* **GOAL OF THE EXERCISE**: Make an exact copy of the whole listing, but leave its pictures out.

* **RAW DATA**:
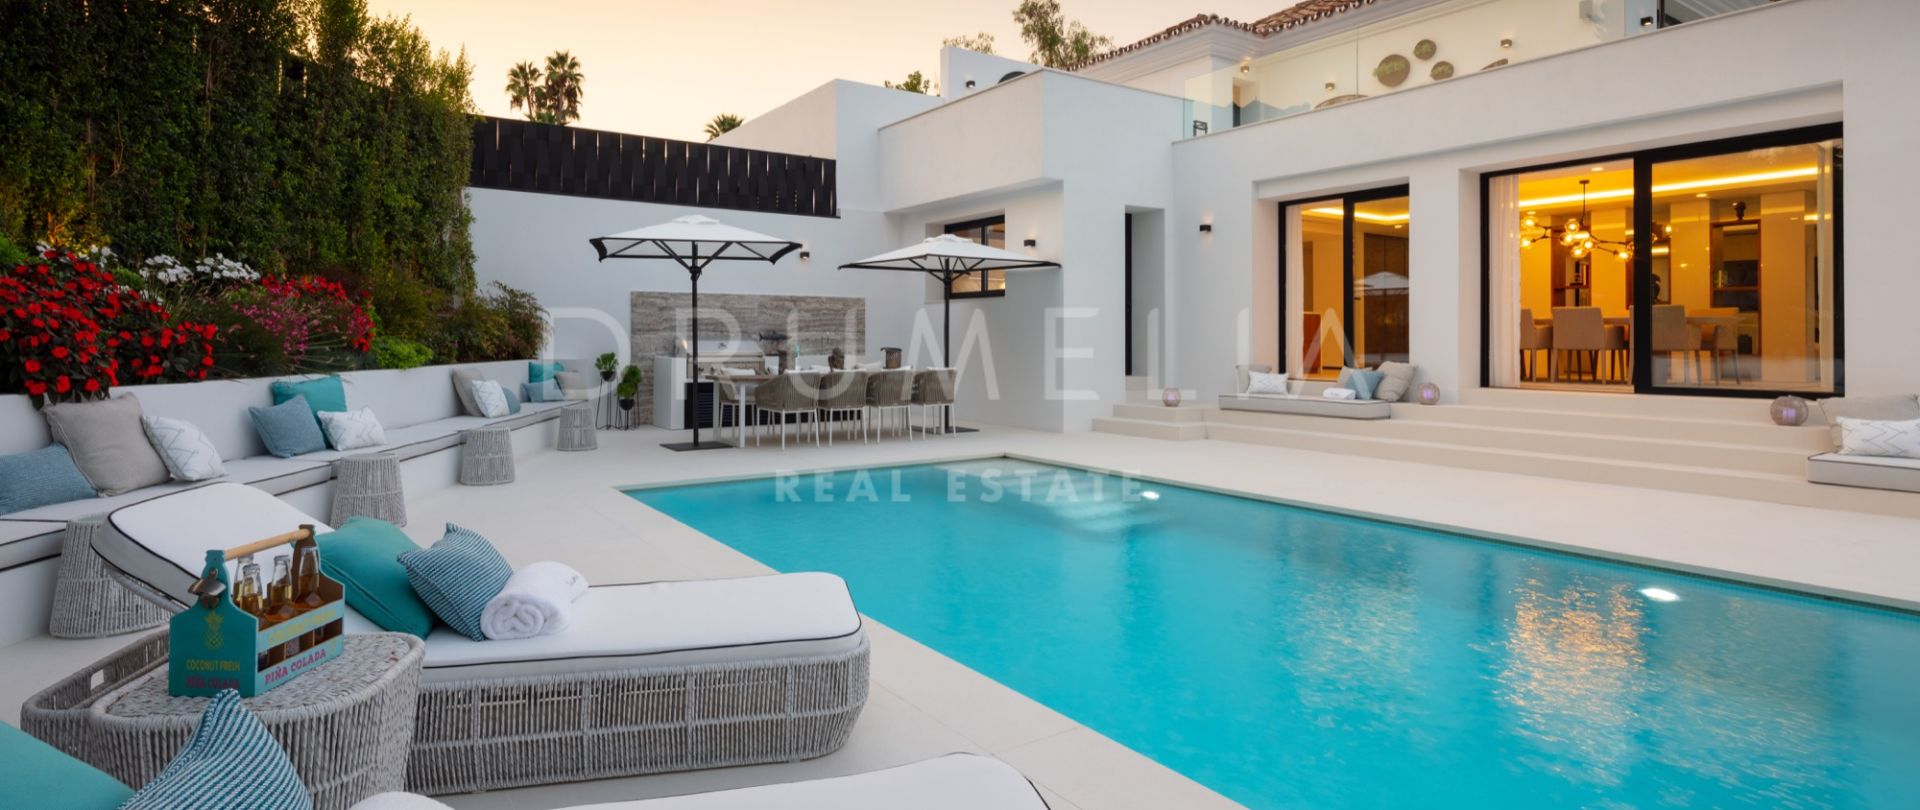 Lotus 5 - Fabulous Modern Style High-End Villa with in Golf Valley of Nueva Andalucía
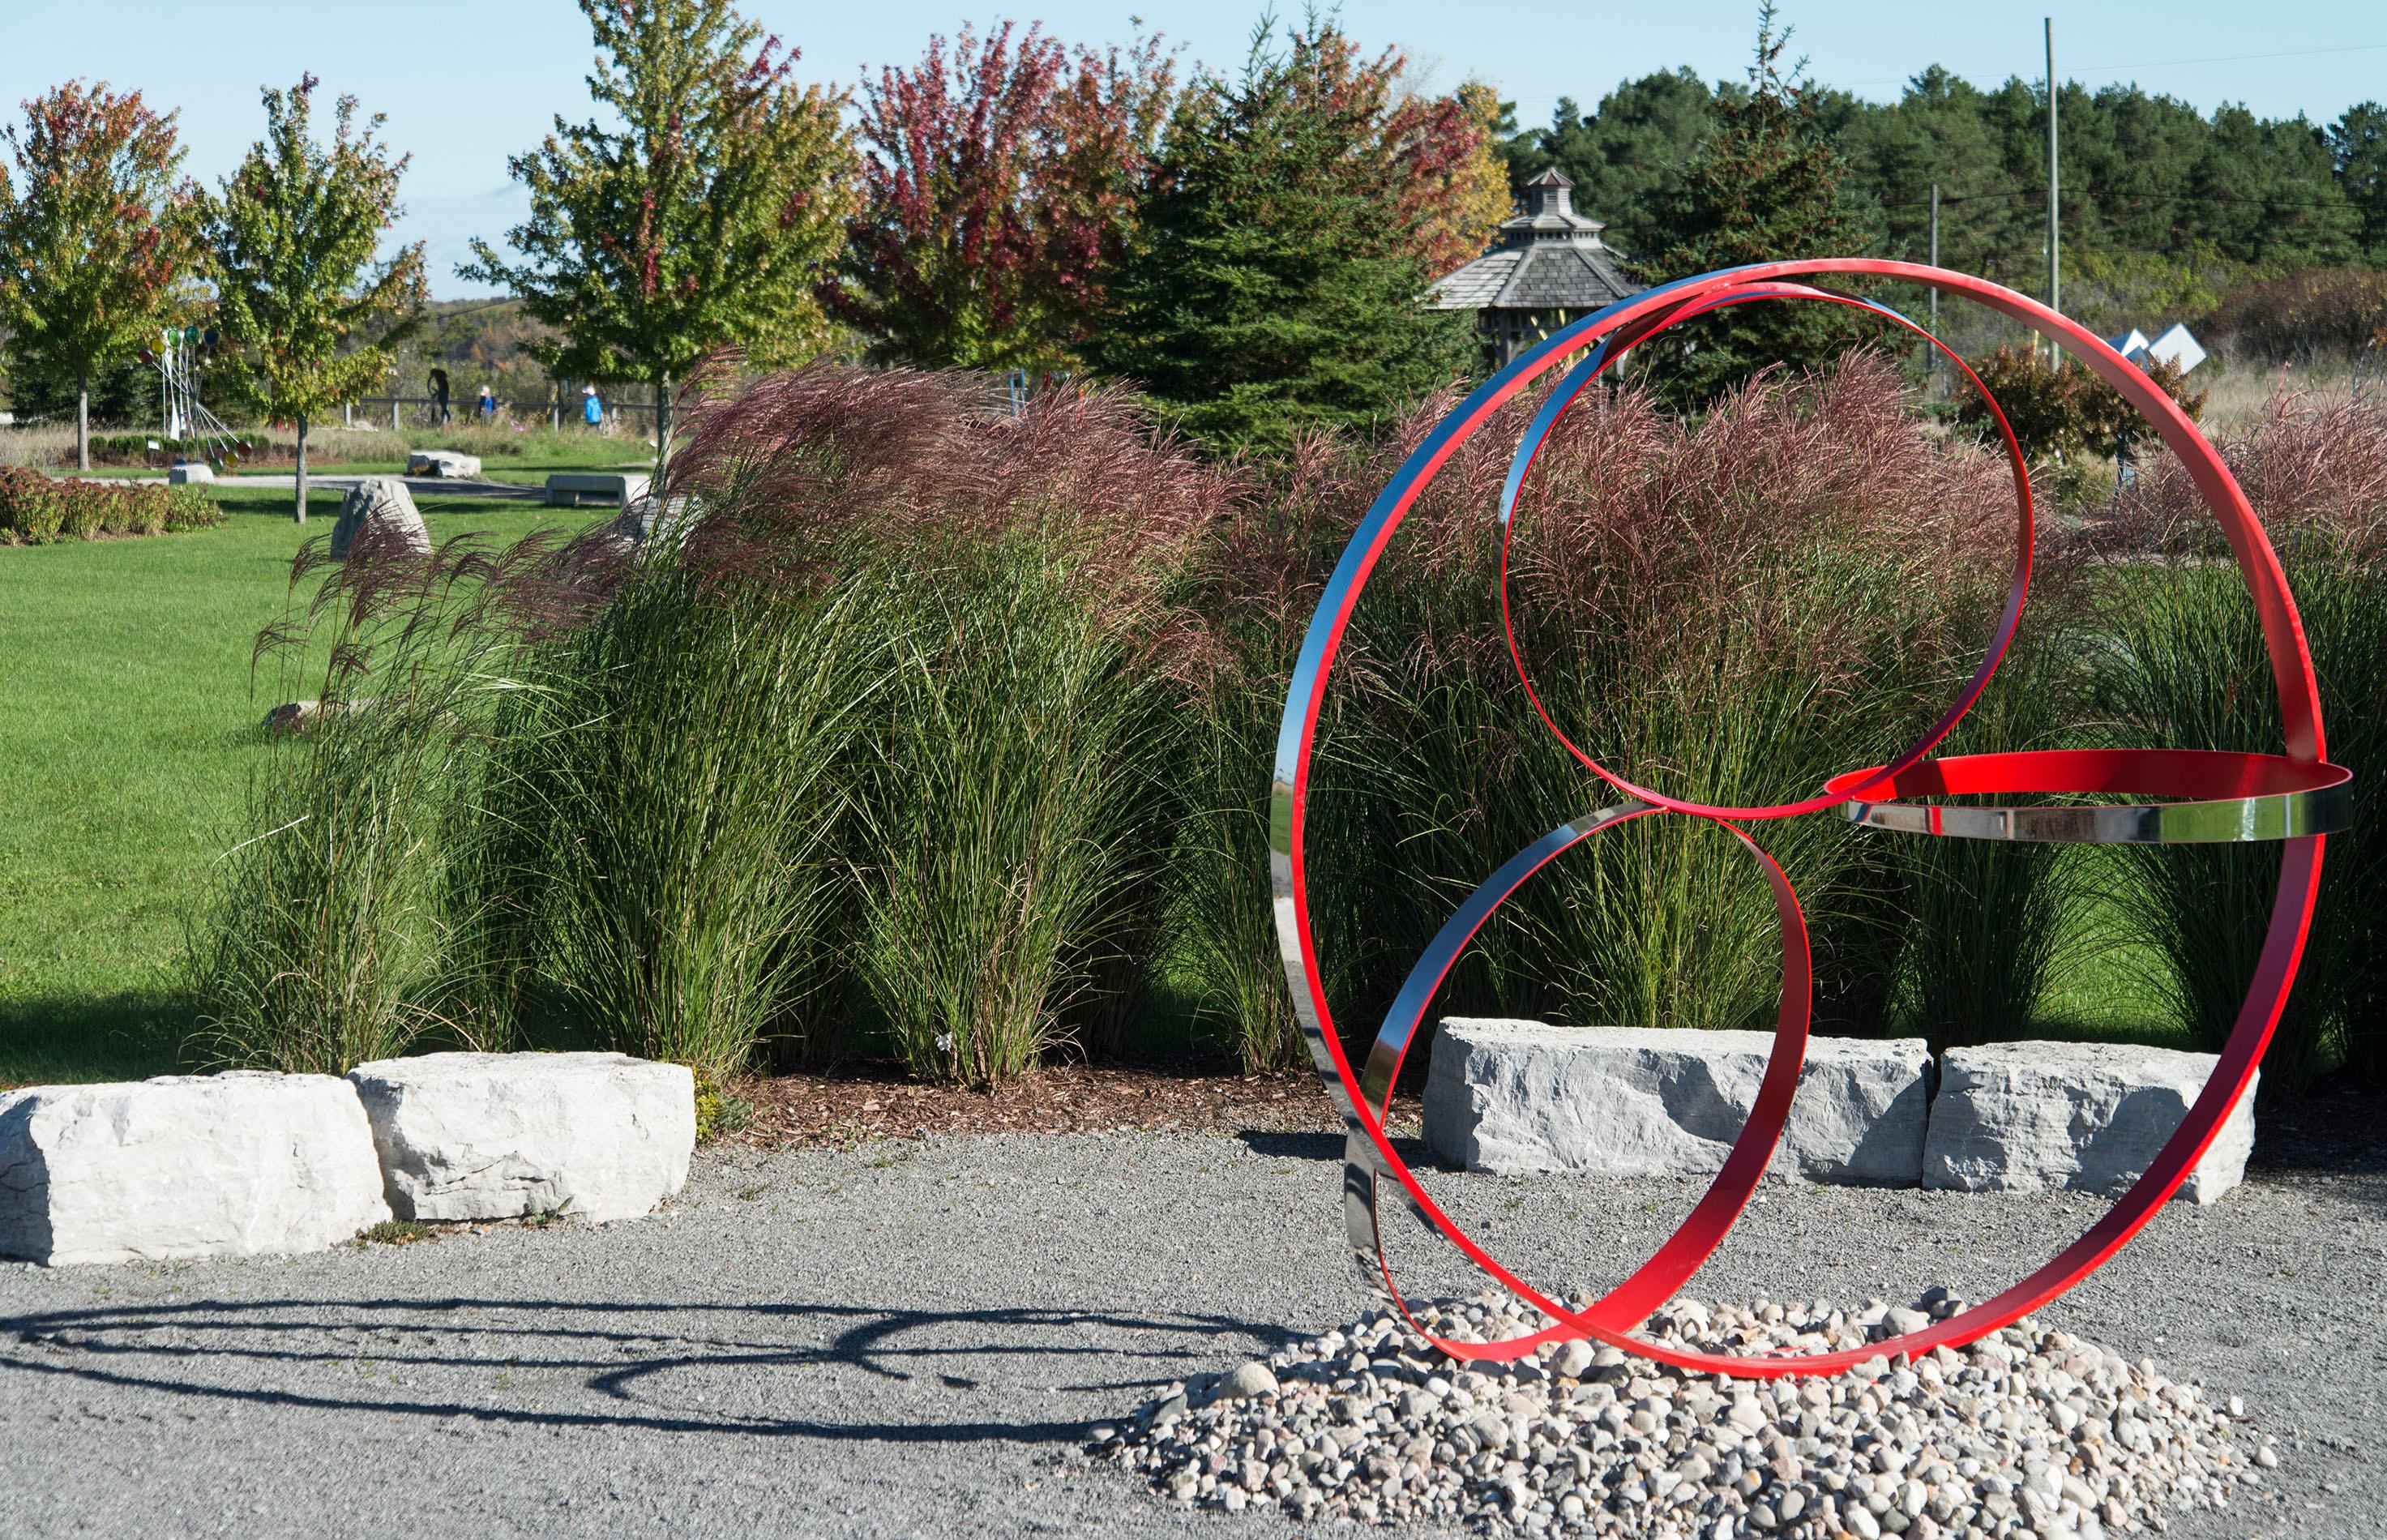 Four stainless steel rings, one side in poppy red, are curated into a elegant outdoor composition by Philippe Pallafray. This minimalist sculpture plays with space framing the landscape yet sitting in contrast with it. The title of the sculpture may
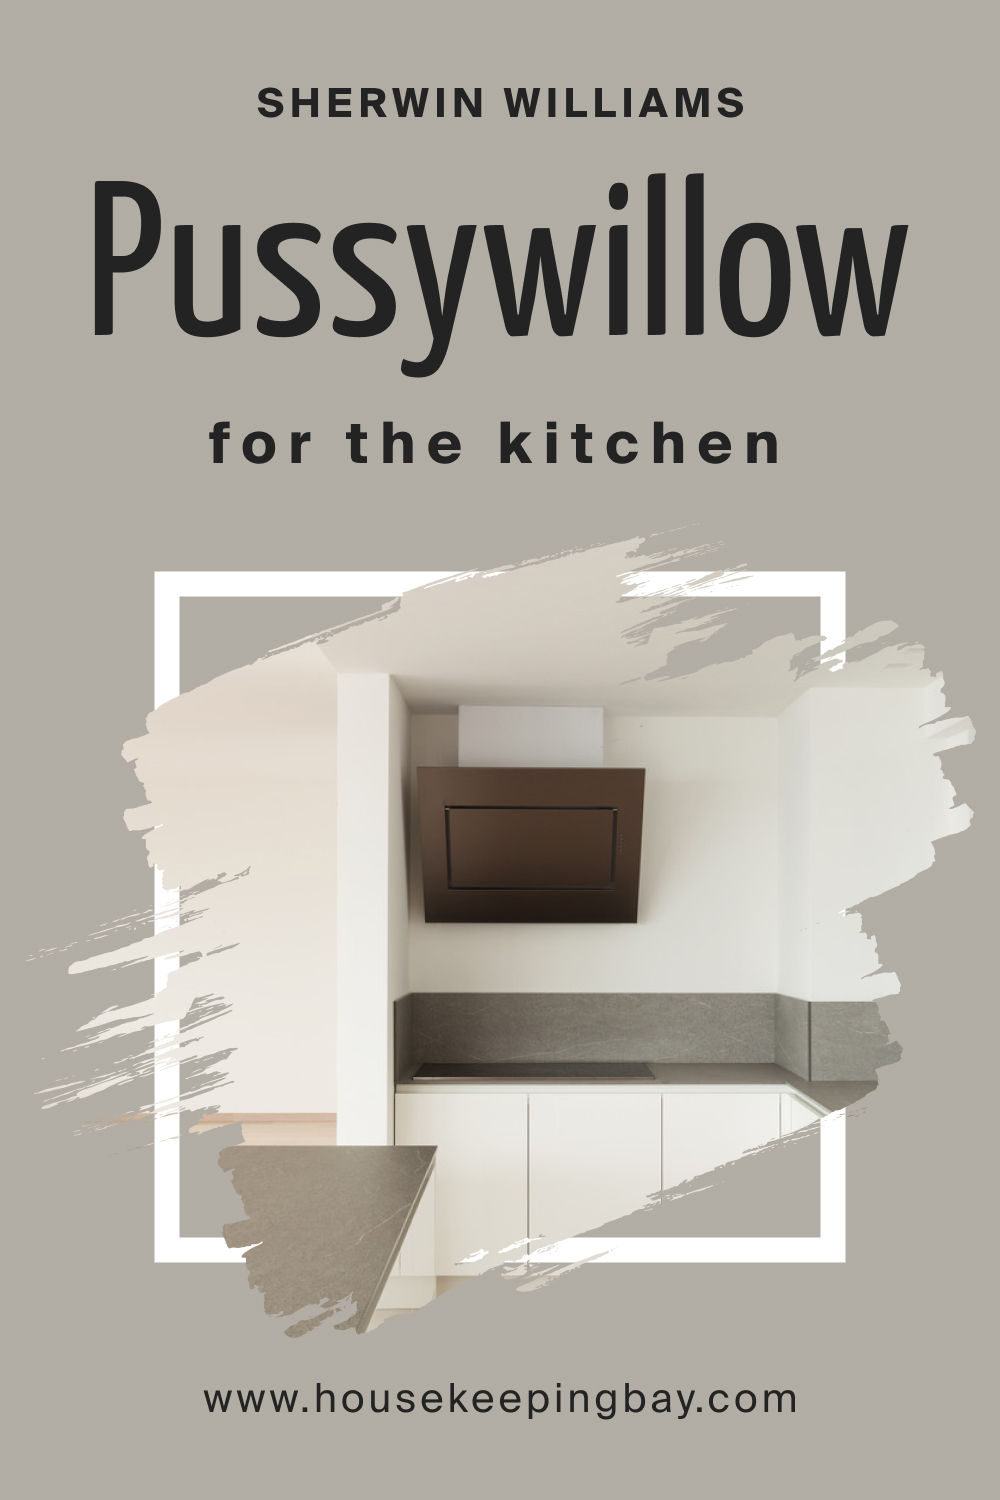 Sherwin Williams. Pussywillow SW 7643 For the Kitchen

* **RESULT OF THIS EXERCISE**:
 Lotus 5 - Fabulous Modern Style High-End Villa with in Golf Valley of Nueva Andalucía
 Four stainless steel rings, one side in poppy red, are curated into a elegant outdoor composition by Philippe Pallafray. This minimalist sculpture plays with space framing the landscape yet sitting in contrast with it. The title of the sculpture may
 Sherwin Williams. Pussywillow SW 7643 For the Kitchen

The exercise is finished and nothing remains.